Now a few months into the experience in Omaha, Paras has come to love his new home, even if the Filipino-born, Los Angeles-based star does have teenage concerns to work through.

“I’ve never been in the snow, never been in cold weather,” Paras said with a laugh. “So I’m really bracing myself for this.”

He’s also bracing for what life will be like in his first year in college basketball.

Things got off to a slow start in Paras’ Creighton debut last Friday, as the freshman played just six, foul-filled minutes in the team’s season-opener against Missouri-Kansas City.
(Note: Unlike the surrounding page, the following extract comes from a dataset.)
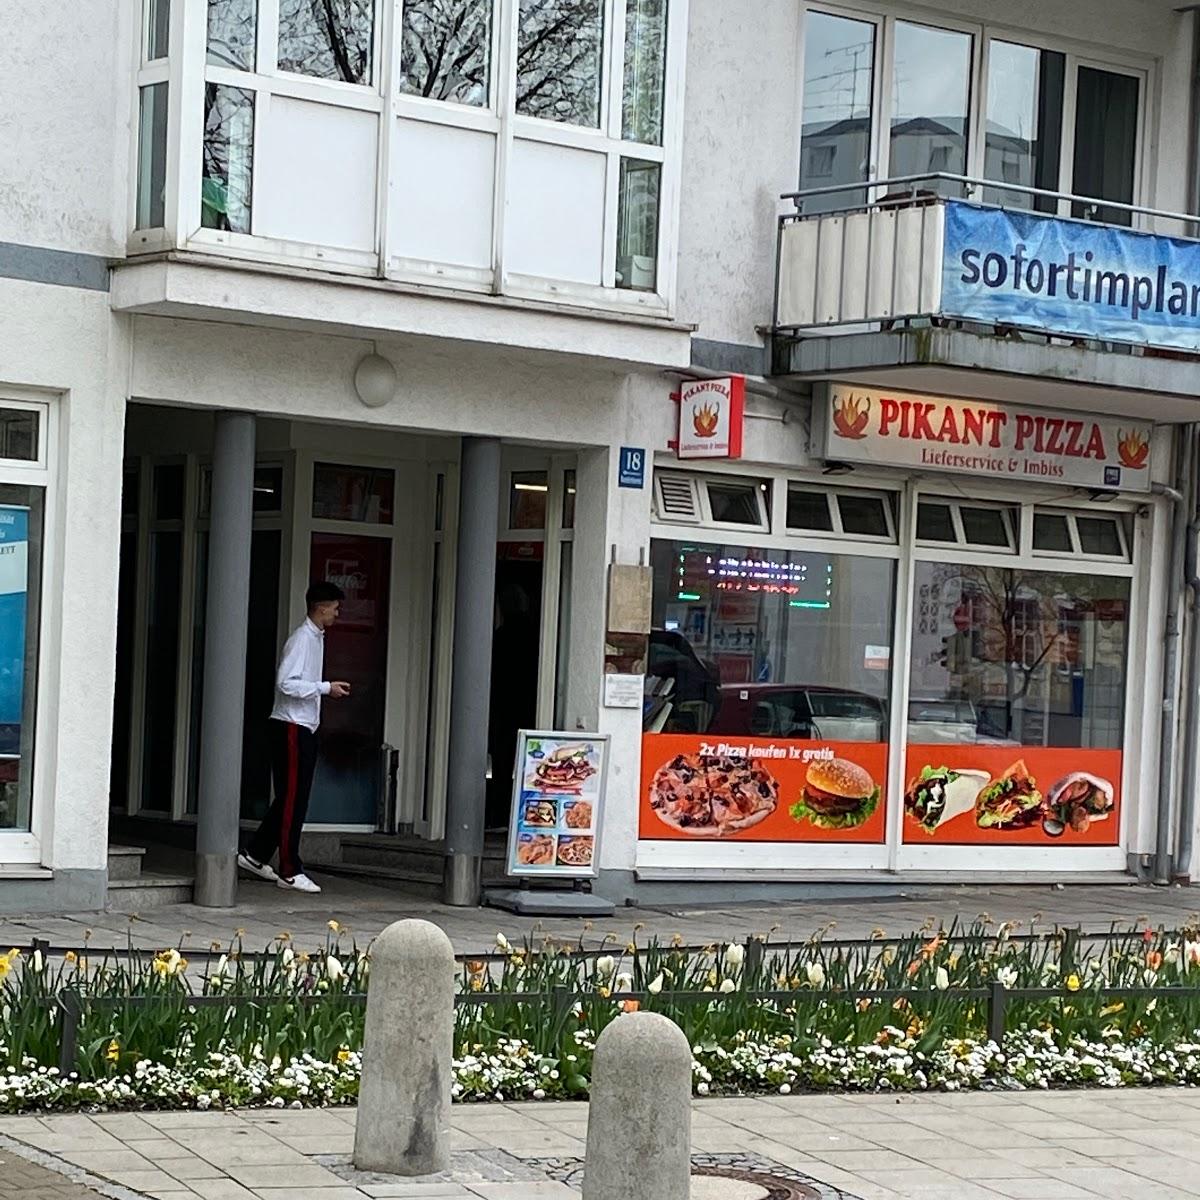 Restaurant "Pikant Pizza" in München

As Paras and Creighton get set to face No. 9 Wisconsin in a Top 25 showdown on FS1, he knows he’s got a long way to go.

“I’ll be more controlled, more energetic,” Paras said of how he plans to play in his first year on campus in Omaha. “I’m a team player. That’s what fans can expect this year.”
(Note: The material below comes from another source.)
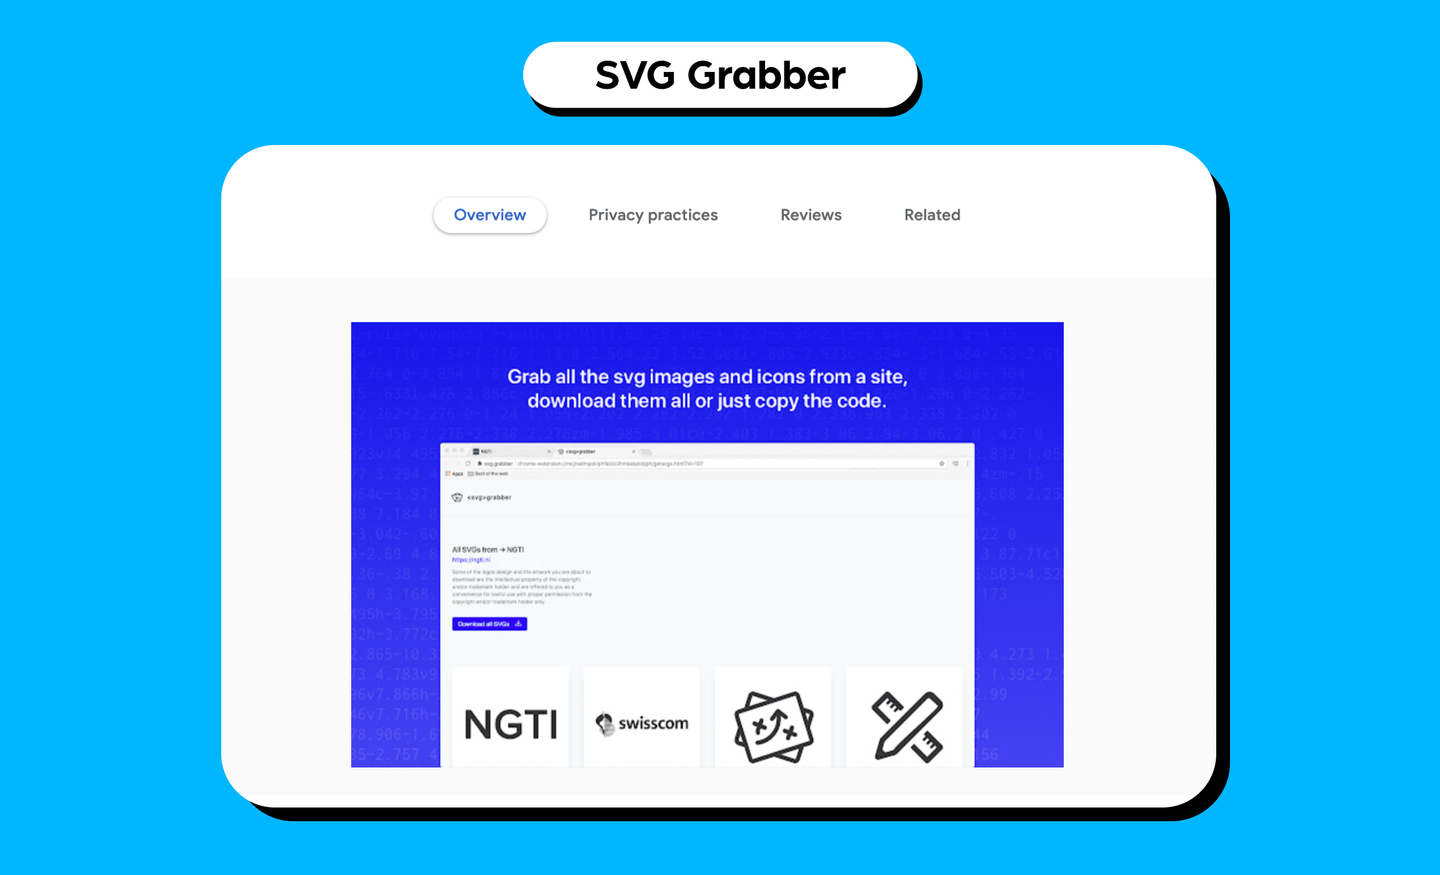 SVG Grabber

Of course with Paras, a whole country watches and waits to see not just what this year holds, but the future as well. While basketball is a national obsession in the Philippines, the country has had few players to latch onto at the NBA level. Lakers’ guard Jordan Clarkson is half-Filipino, and before him, no one of major Filipino descent has played in the league since Raymond Townsend in 1982.

Paras might eventually be that guy. At 6-6, with athleticism and improving strength, already on the radar of NBA scouts, even if everyone – including Paras and Middlebrooks – are quick to admit that he is still very much a developmental player.

Only time will tell if Paras makes that leap, and takes the final step in his basketball journey. In the meantime, it raises one final question: With an entire country watching, does Paras feel any pressure?

“Not at all,” Paras said “I take that as motivation. There aren’t a lot of people out there that have the benefit I have, so I’m making the most of it.”

Even if it does include some awkward encounters at the mall.